Only the lines from the one containing "Pineridge Barbeque Co." through the end of the material should be printed, exactly as they appear. Leave out pictures.
Source data: Begin
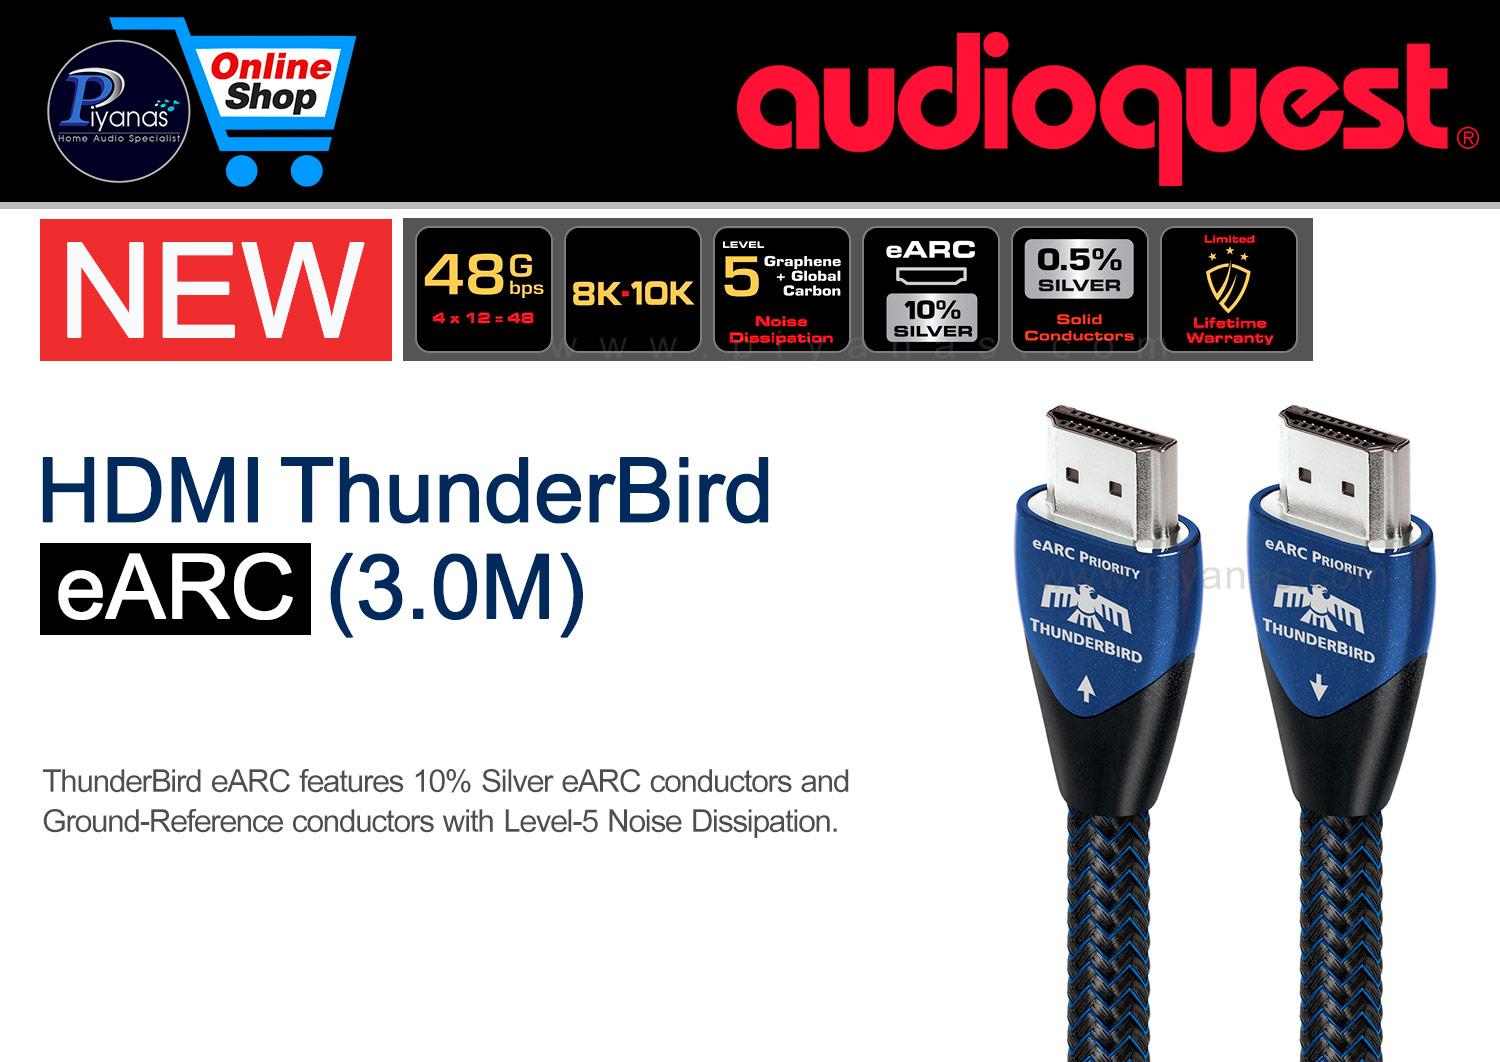 HDMI-ThunderBird eARC (3.0M)
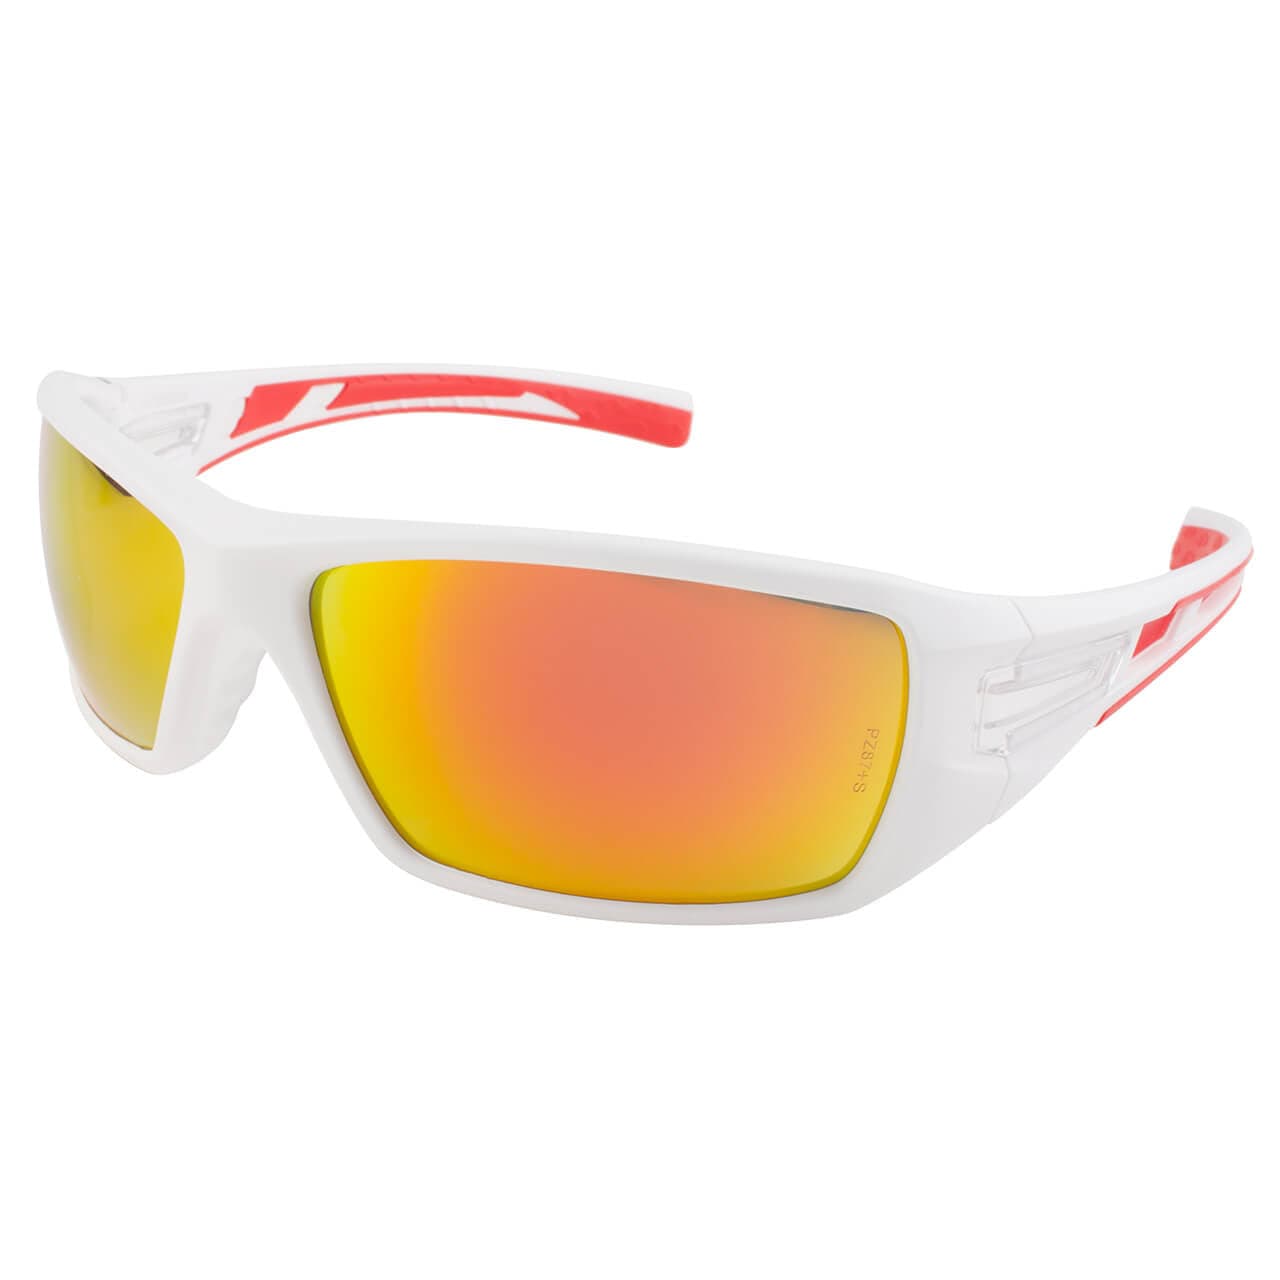 Metel M30 Safety Sunglasses Lightweight Full-Frame, Flexible Temples, Multiple Color Options - White Frame w/Red Mirror Lens
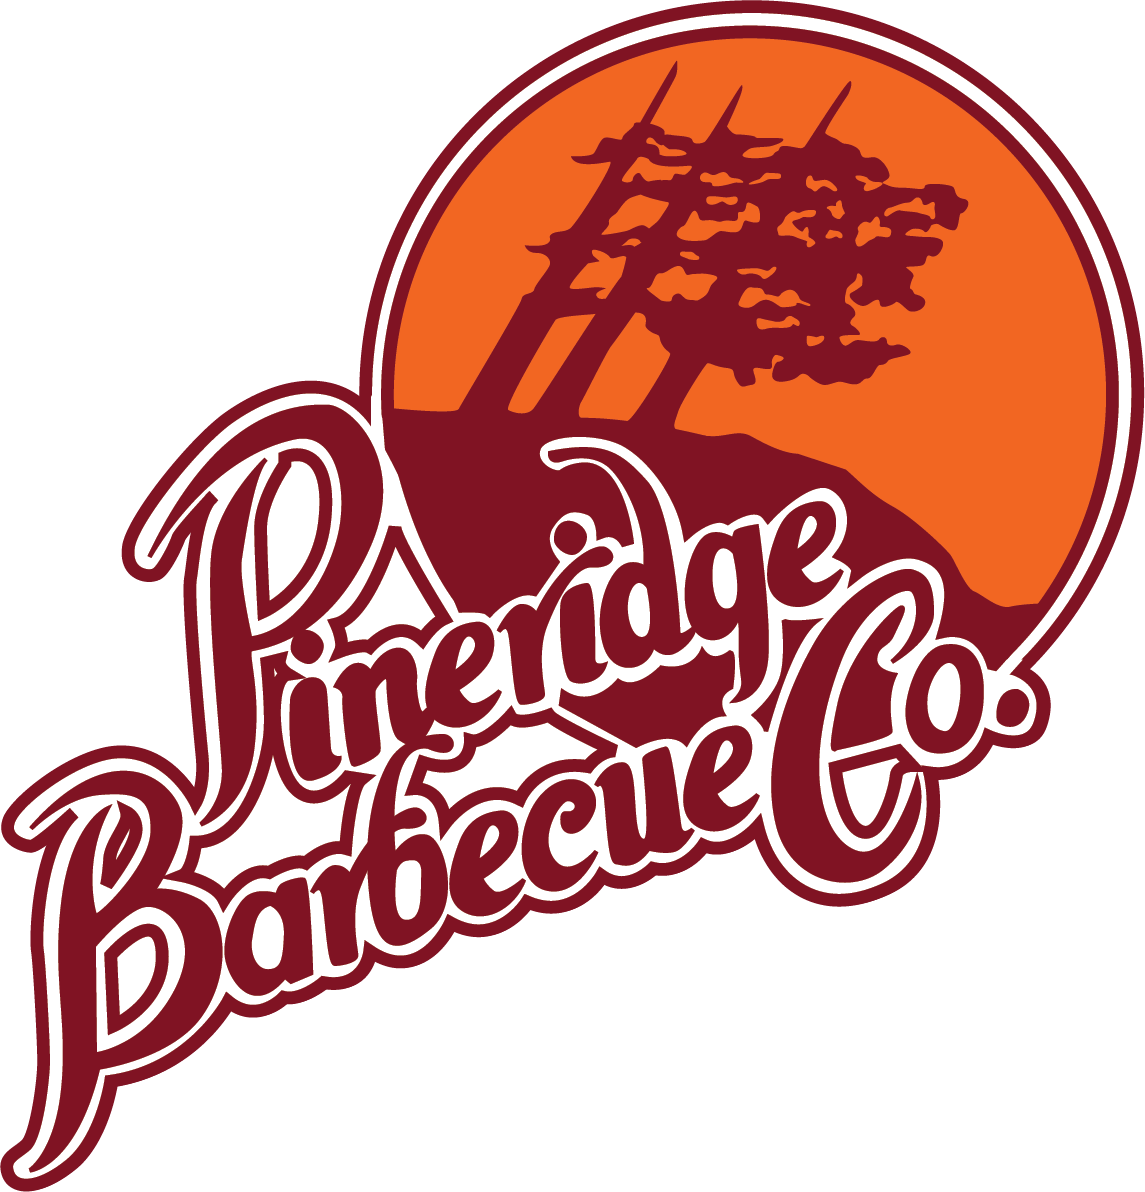 Pineridge Barbeque Co.
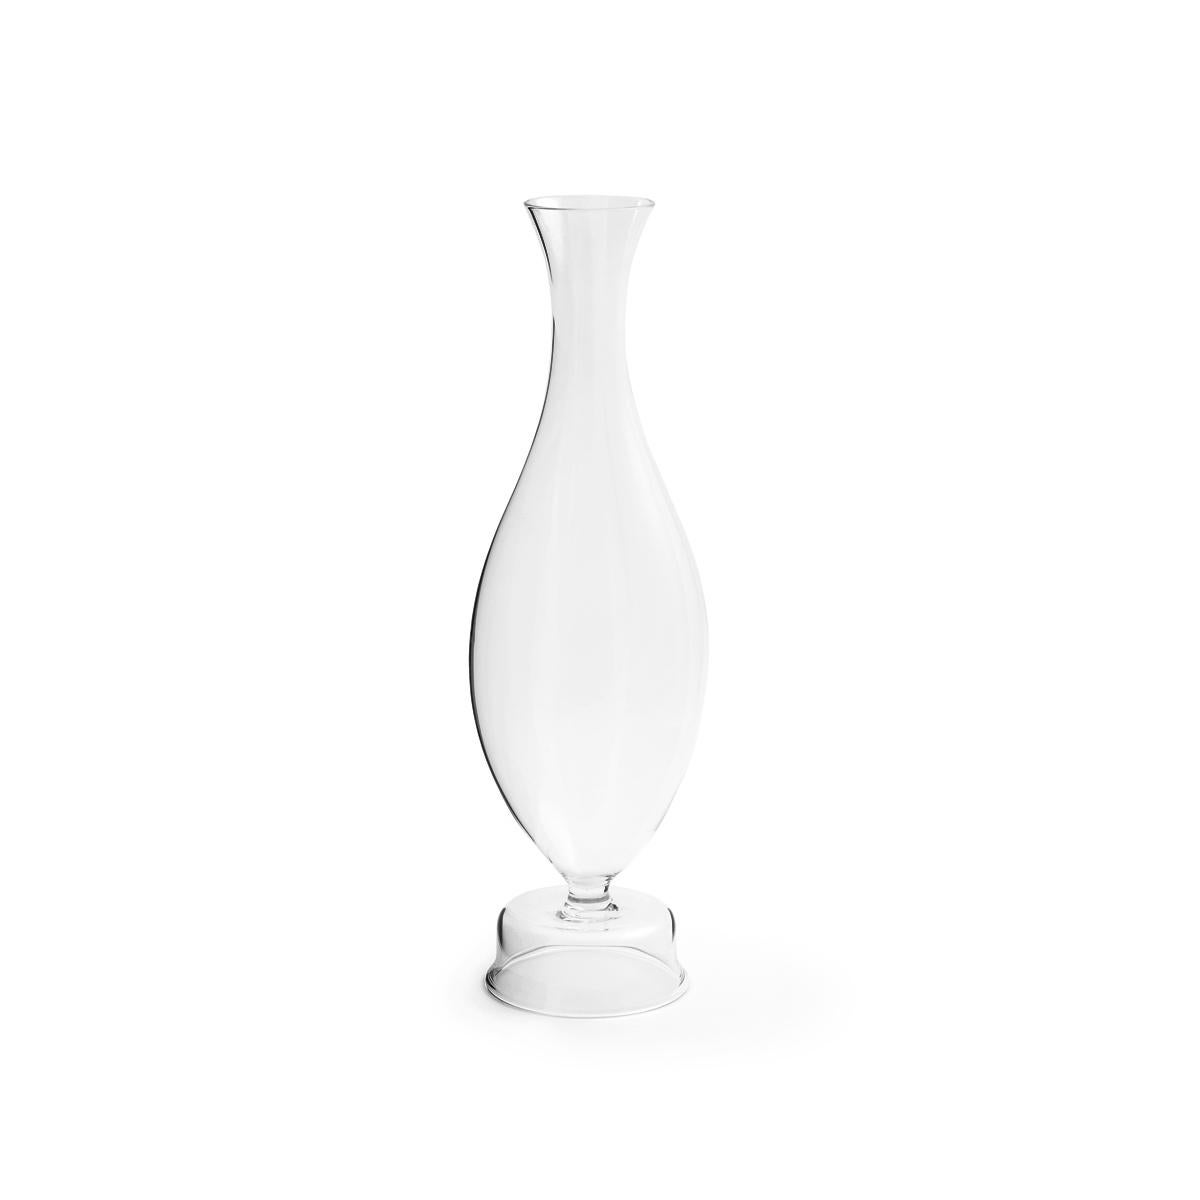 Italian Pims Mouth-Blown Glass Bottle / Vase Designed by Aldo Cibic
Source data: End
### Task answer
 Pineridge Barbeque Co.
 Italian Pims Mouth-Blown Glass Bottle / Vase Designed by Aldo Cibic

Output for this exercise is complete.